There was another long silence, and now the awkwardness of it was a tangible presence at the table, almost like another person. He continued reading, but every word stuck to the page, and lost its life. He couldn’t concentrate.
He looked back up at her. Her eyes hadn’t left his forehead. “Why? Did you know him?”
“No,” she said. “But I heard about him.” Pause. “Did you know that last year there were six hundred sixty four murders in New York City?”
“I did not.”
“Six hundred sixty four. Can you imagine that? That’s fifty-five point three three three three three three murders every month.”
“But -!” she said triumphantly, “compare that number to ten years earlier: Two thousand two hundred and forty-five murders. All in the one year! Unthinkable. Do you know how many murders that is a month?”
“No, not off the top of-,”
“That’s one hundred and eighty-seven murders every month. It’s like genocide!”
“It sounds like a lot.”
“Well, that’s the record. For all time. It never got worse than that, but still.”
“But still. Indeed.” Pause. “Isn’t all this just a little but morbid?”
The girl shrugged. “I’m not the one reading an article about a kid that got shot in Brooklyn.”
Jeremy laughed. “Is that how you always begin your conversations?”
“It’s an icebreaker.” Pause. “Of sorts.” Pause. “Hi.
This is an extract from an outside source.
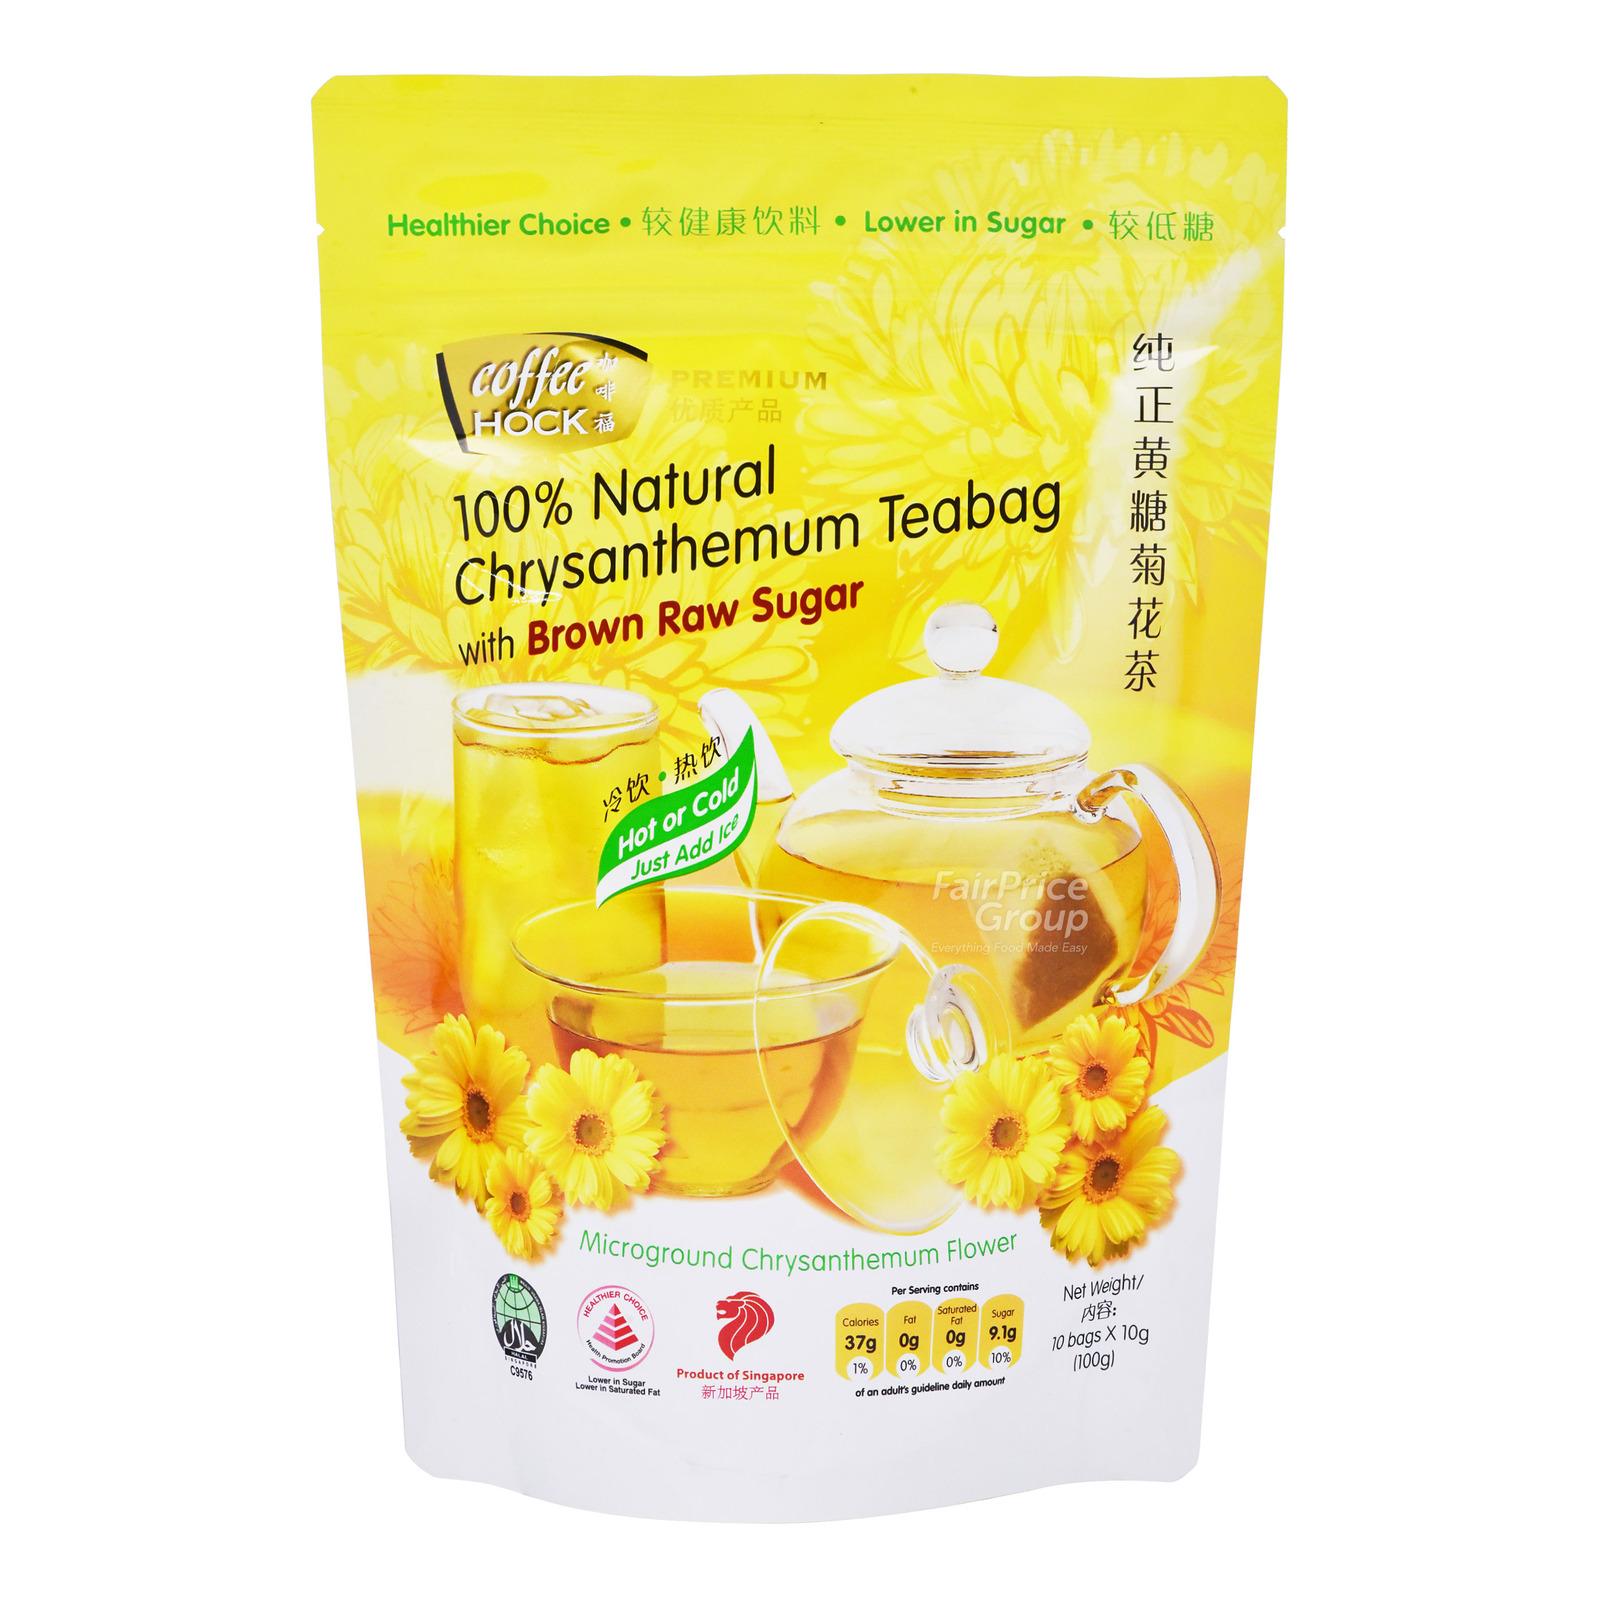 Coffee Hock 100% Natural Chrysanthemum Teabag - Brown Sugar

My name is Lucy.” She stuck out her hand. Jeremy looked at her, with her hand outstretched, and her smooth pretty face, hickory eyes, and cool smile. He liked her.
“Jeremy,” he said, taking her hand. “Jeremy Cole.”
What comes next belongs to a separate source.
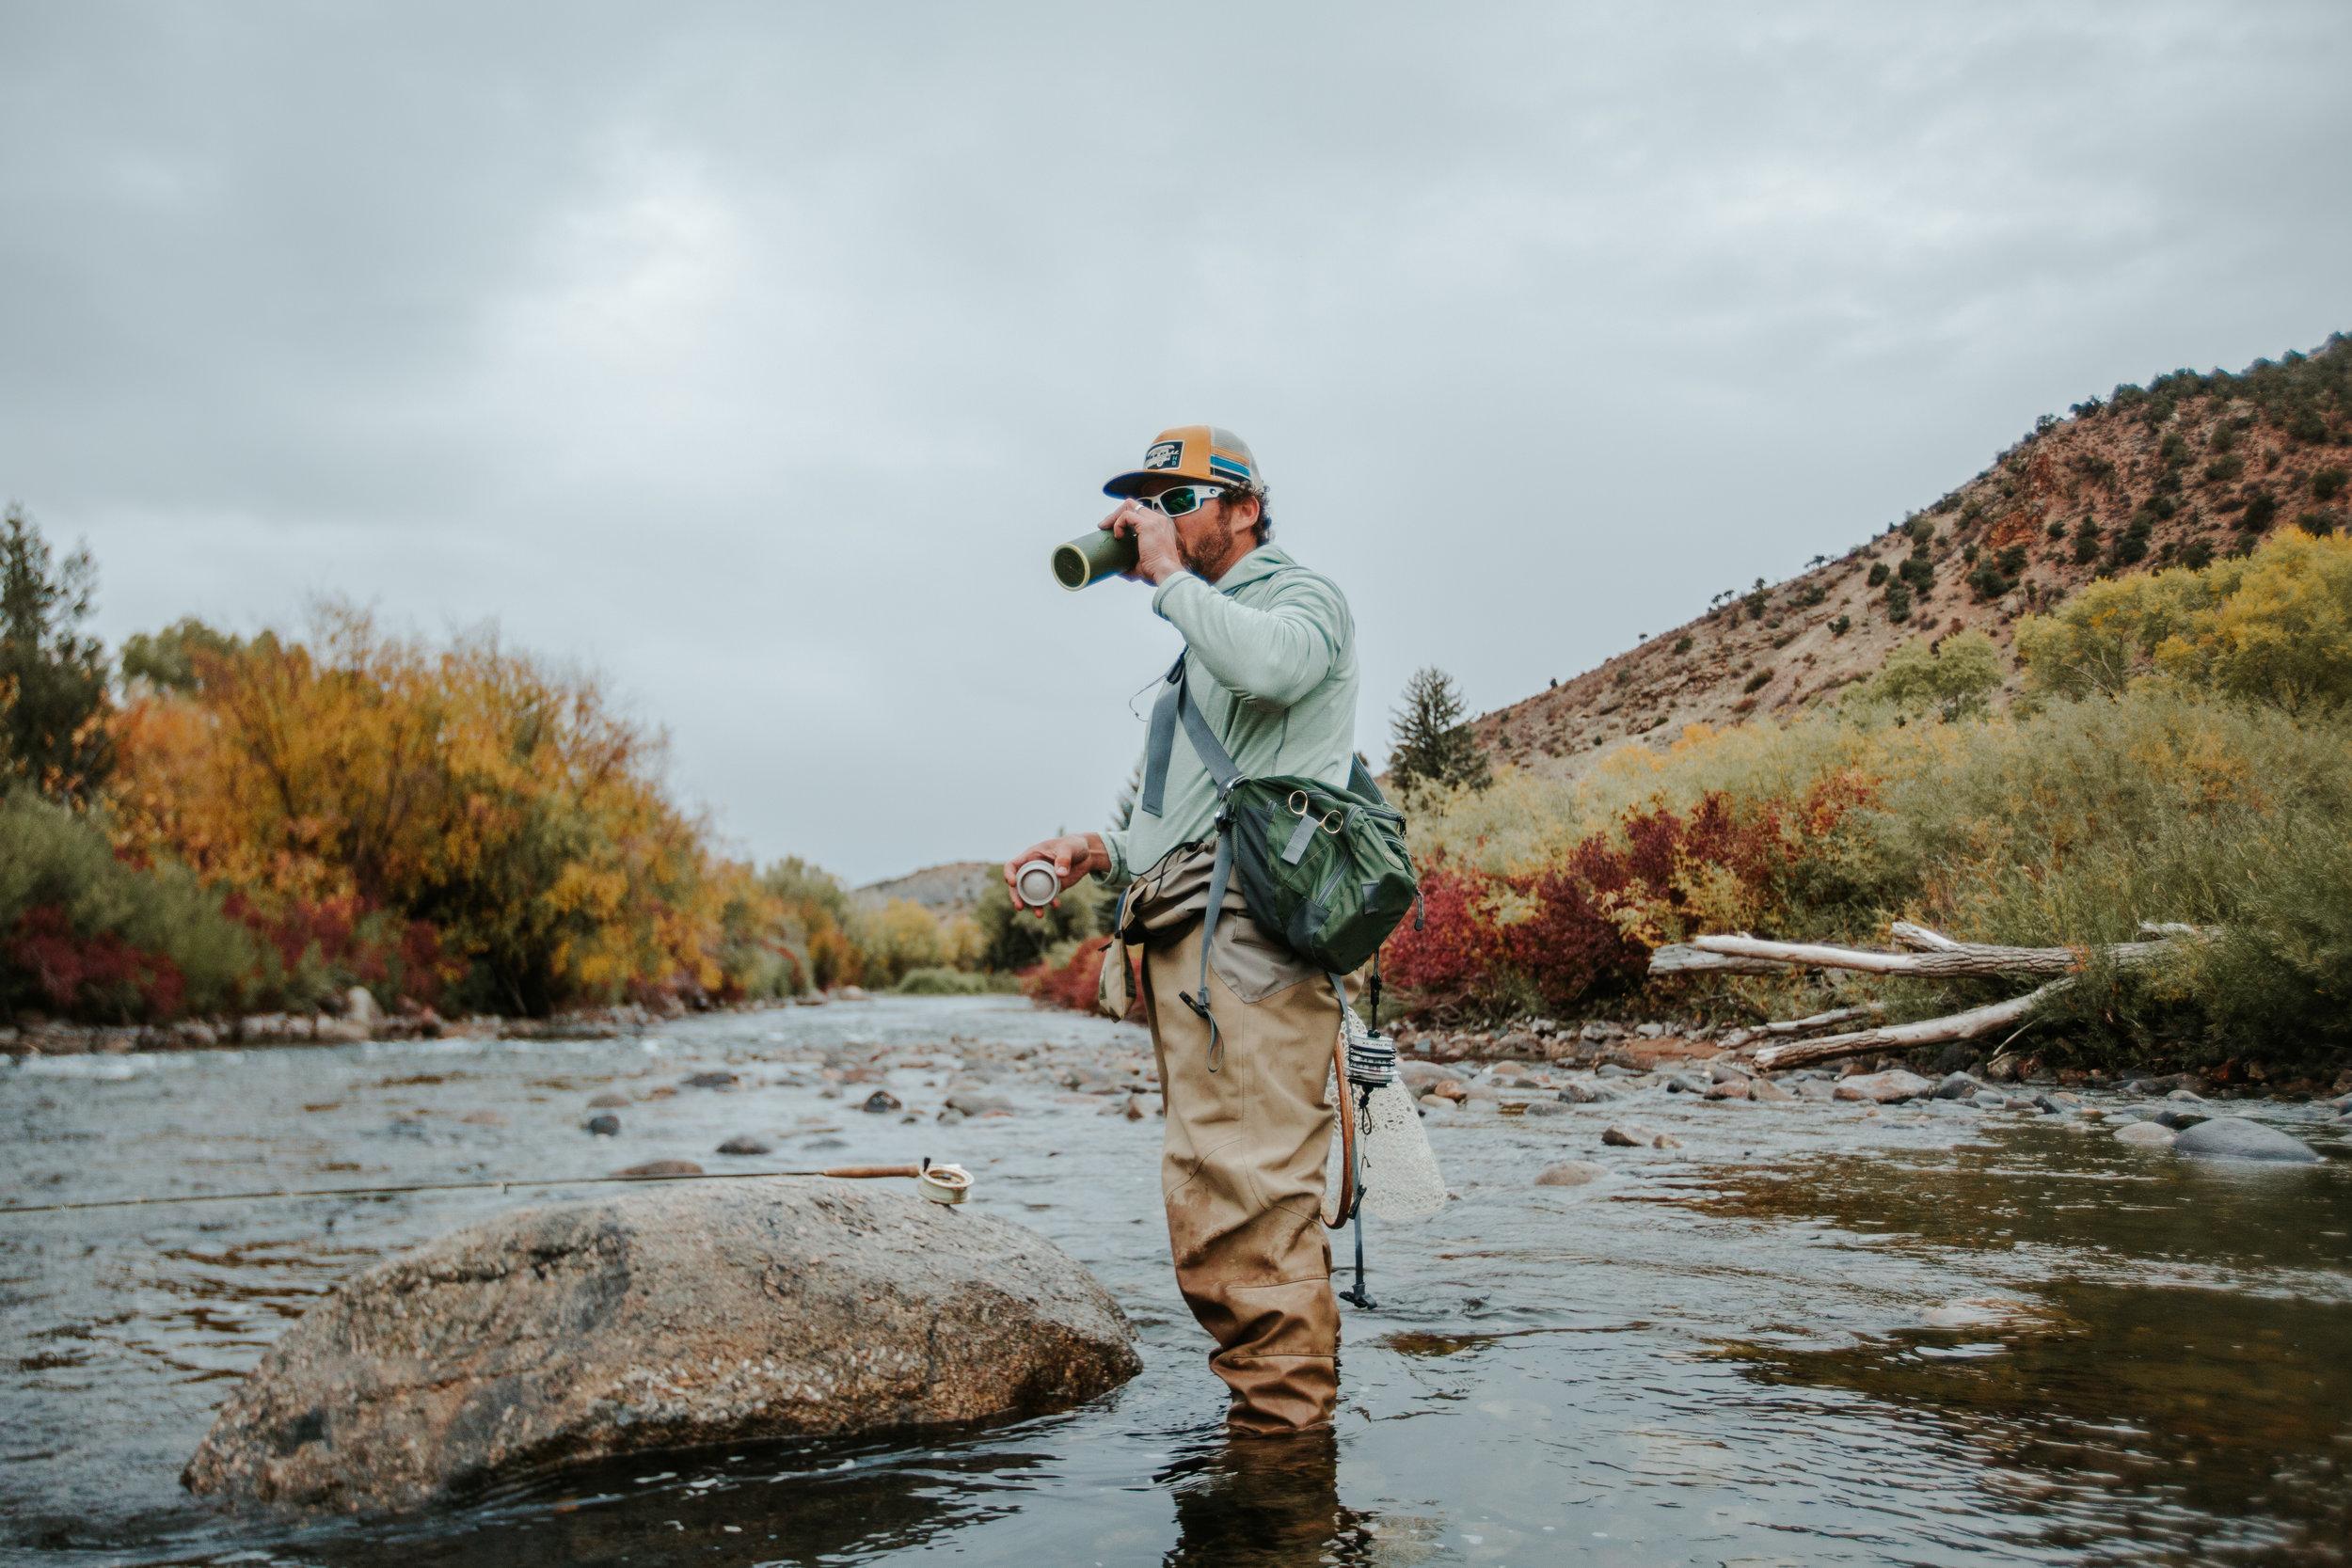 Fly Fishing_Kyle Murphy_@briskventure_015.JPG

“That’s what I thought.” She blushed. “I mean, that’s partly why I sat here, I hope you don’t mind. I thought you looked like him, but then celebrities never look like they do in their photographs.”
“Celebrities?” Jeremy smiled, and did a wide glance around the café. “Where? Who?”
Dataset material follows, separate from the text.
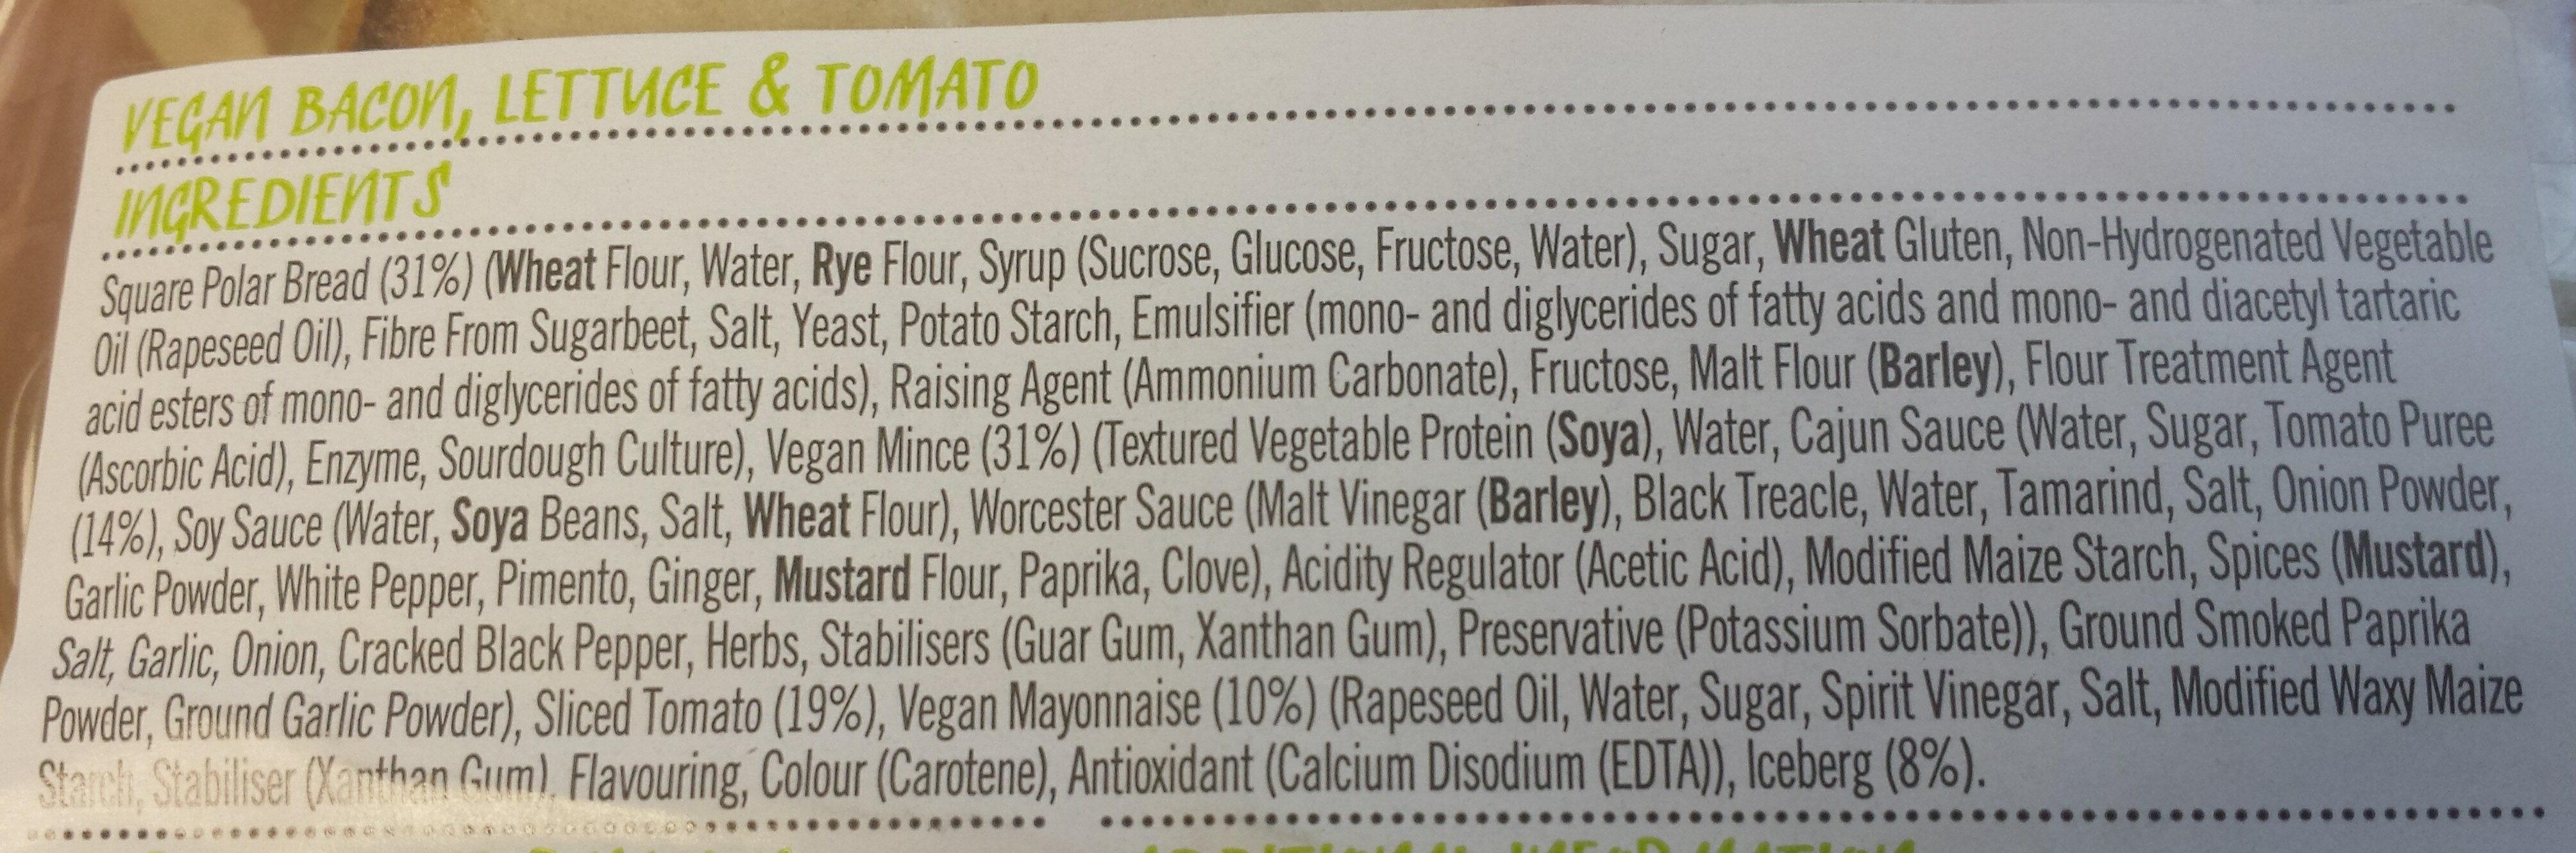 The VLT - Vegan Bacon, lettuce and tomato - Ingredients

“Oh, don’t be modest. I love your books.”
“To be honest, I didn’t know I had any other readers than me and my mother.”
Lucy laughed so suddenly that she hiccoughed on her juice. “Don’t be silly.”
“If you saw my sales…”
“I’d like to,” she said. “I mean, it’s not that I’m crazy; statistics. That’s what I do.”
“Crime statistics for the Bureau of Justice.”
“Now that could be interesting.”
“It is. It really is.”
“How did you get into that?”
“It’s a long story. I’ve always been fascinated by this stuff. By books like you write, too. All of it.”
“You work near here?”
“No kidding. Why don’t you let me buy you a drink after you get off work? You can tell me all about it.”
“You’ll still be here?”
Jeremy smiled at her. “Yeah. I’ll still be here. Meet me right back here. I’ll save your spot.”
“Well, you used to like my books,” Jeremy said. “Anyway, I’m sorry about tonight. I’m sorry I stormed out.”
“Here’s your card,” she said. She leaned over to the night table, and gave him his American Express card. “You’re a bastard thinking leaving that with me made everything all right.”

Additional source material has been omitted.